WHAT TO DO: Write out, word for word, every line from the one containing "x Libertine Love" through the last line of the records below, both ends included.

Records from a data source:
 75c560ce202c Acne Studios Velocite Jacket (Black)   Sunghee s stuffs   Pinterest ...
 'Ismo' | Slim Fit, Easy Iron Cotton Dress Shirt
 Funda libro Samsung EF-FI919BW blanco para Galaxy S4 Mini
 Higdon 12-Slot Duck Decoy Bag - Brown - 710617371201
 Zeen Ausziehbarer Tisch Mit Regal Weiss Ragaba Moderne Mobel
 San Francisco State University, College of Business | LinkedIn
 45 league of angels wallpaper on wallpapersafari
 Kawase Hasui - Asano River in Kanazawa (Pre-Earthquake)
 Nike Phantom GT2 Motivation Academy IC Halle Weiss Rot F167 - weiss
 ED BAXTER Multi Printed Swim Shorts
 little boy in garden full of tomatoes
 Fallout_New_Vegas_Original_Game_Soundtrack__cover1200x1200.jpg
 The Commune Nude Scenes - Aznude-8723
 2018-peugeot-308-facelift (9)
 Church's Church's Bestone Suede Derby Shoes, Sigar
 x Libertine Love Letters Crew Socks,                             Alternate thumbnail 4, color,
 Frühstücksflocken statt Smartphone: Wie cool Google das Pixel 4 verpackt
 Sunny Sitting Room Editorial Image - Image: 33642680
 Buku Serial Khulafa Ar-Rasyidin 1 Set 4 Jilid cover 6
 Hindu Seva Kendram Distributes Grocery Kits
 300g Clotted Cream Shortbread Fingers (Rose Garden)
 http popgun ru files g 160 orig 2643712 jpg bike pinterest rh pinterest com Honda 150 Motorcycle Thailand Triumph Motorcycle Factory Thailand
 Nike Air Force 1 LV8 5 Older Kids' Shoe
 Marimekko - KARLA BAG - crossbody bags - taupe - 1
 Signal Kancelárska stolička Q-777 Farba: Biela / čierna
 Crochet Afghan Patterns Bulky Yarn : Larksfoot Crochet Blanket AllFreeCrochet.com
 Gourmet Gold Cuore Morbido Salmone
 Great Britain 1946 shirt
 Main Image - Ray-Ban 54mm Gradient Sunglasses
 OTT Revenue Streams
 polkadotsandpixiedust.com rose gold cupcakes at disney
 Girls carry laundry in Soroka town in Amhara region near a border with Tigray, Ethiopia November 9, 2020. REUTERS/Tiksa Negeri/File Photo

WRITTEN REPLY:
 x Libertine Love Letters Crew Socks,                             Alternate thumbnail 4, color,
 Frühstücksflocken statt Smartphone: Wie cool Google das Pixel 4 verpackt
 Sunny Sitting Room Editorial Image - Image: 33642680
 Buku Serial Khulafa Ar-Rasyidin 1 Set 4 Jilid cover 6
 Hindu Seva Kendram Distributes Grocery Kits
 300g Clotted Cream Shortbread Fingers (Rose Garden)
 http popgun ru files g 160 orig 2643712 jpg bike pinterest rh pinterest com Honda 150 Motorcycle Thailand Triumph Motorcycle Factory Thailand
 Nike Air Force 1 LV8 5 Older Kids' Shoe
 Marimekko - KARLA BAG - crossbody bags - taupe - 1
 Signal Kancelárska stolička Q-777 Farba: Biela / čierna
 Crochet Afghan Patterns Bulky Yarn : Larksfoot Crochet Blanket AllFreeCrochet.com
 Gourmet Gold Cuore Morbido Salmone
 Great Britain 1946 shirt
 Main Image - Ray-Ban 54mm Gradient Sunglasses
 OTT Revenue Streams
 polkadotsandpixiedust.com rose gold cupcakes at disney
 Girls carry laundry in Soroka town in Amhara region near a border with Tigray, Ethiopia November 9, 2020. REUTERS/Tiksa Negeri/File Photo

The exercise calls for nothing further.